Letter to the editor: SCOTUS discriminates against pro se litigants

The Supreme Court of the United States is involved in a disturbing and blatant form of systemic discrimination against pro se (unrepresented) litigants that needs to be corrected. It is ironic that the highest court in our land, charged with ensuring that the rules and laws of the country are fair and legal, is itself guilty of enacting a most unfair and arguably unlawful rule explicitly forbidding unrepresented litigants from participating in the Supreme Court oral argument process. Rule 28(8) of the Supreme Court of the United States dictates that “Oral arguments may be presented only by members of the Bar of this Court.” This is a blatantly unfair discriminatory rule against unrepresented litigants who should have the same right as represented litigants to participate in the oral argument process. Barring unrepresented litigants from this process is essentially an unlawful systemic form of discrimination against a class of people, i.e., unrepresented litigants. The Supreme Court happily welcomes and accepts the required $300 filing fee from the unrepresented litigants, and accordingly it should be treating the unrepresented litigants with the same degree of respect that it affords represented litigants. But it doesn’t do so and instead chooses to treat the unrepresented litigants as a cash cow as a means to provide a cash flow into the court’s coffers, while at the same time disallowing them the same processes afforded to the represented litigants.

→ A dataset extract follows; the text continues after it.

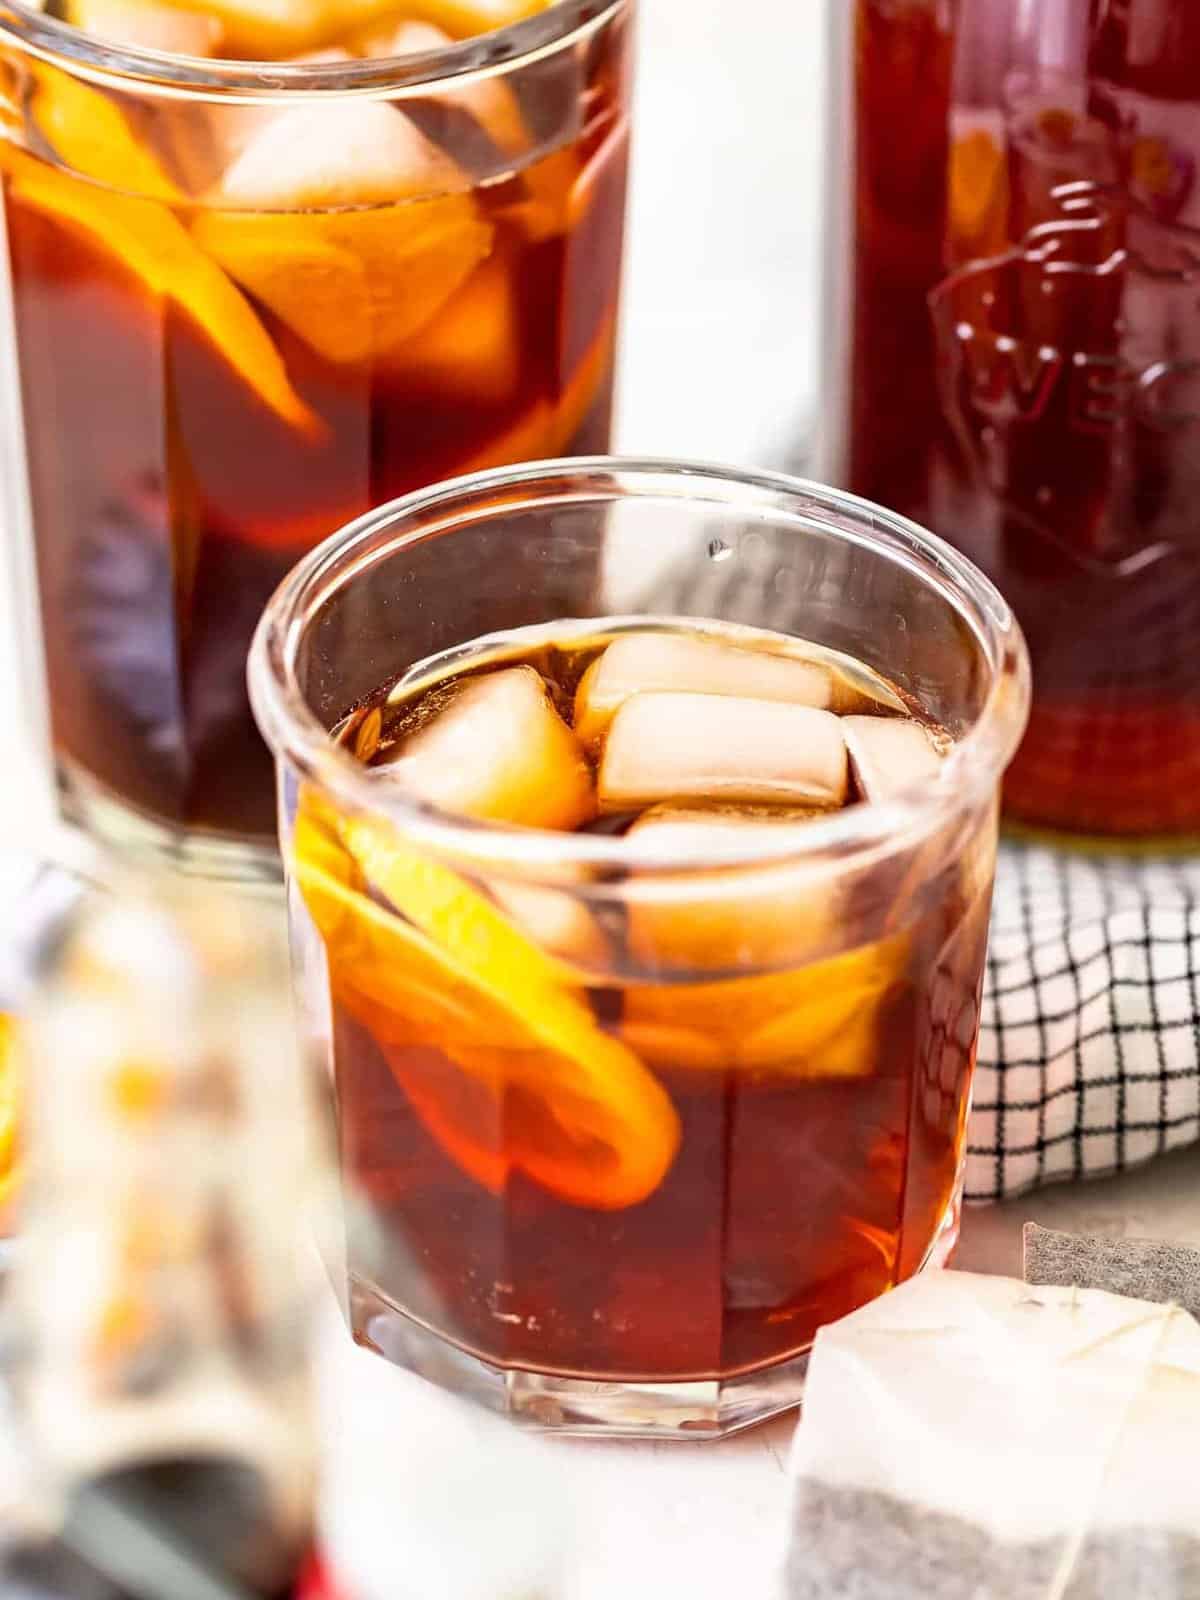 Short and tall glasses of Southern sweet iced tea.

It is not a well-kept secret that the courts disrespect the rights of unrepresented litigants and generally do not give high regard to the merits of their cases. The record speaks for itself in this regard via the overwhelming number of pro se cases that are dismissed, in many cases without so much as a cursory review. Longtime distinguished Judge Richard A. Posner of the United States Court of Appeals for the 7th Circuit sounded the alarm when he said, “The basic thing is that most judges regard these people as kind of trash not worth the time of a federal judge.” (“An Exit Interview With Richard Posner, Judicial Provocateur,” New York Times, Sept. 11, 2017.) This certainly was a red flag as to the need for judicial reforms as to the abusive treatment of pro se litigants in the courts of the United States, including the Supreme Court of the United States, no less with its cavalier rule explicitly forbidding pro se litigants from participating in the oral argument process.

The phrase “Equal justice under law” is engraved above the entrance of the United States Supreme Court building in Washington, D.C. It is hardly “Equal justice under law” when the Supreme Court blatantly discriminates against a class of litigants who represent themselves by putting a rule in place disallowing the pro se litigants from the oral argument process. It is blatantly unfair to be collecting filing fees from pro se litigants to file their cases while at the same time refusing to allow them the same opportunity to participate in the oral argument process afforded to represented litigants. This is blatant systemic discrimination based on class. The Supreme Court should either remove the engraving “Equal justice under law” from the Supreme Court building, or it should remove its discriminatory Rule 28(8) and allow pro se litigants to equally present oral arguments before the court. The Supreme Court cannot have it both ways.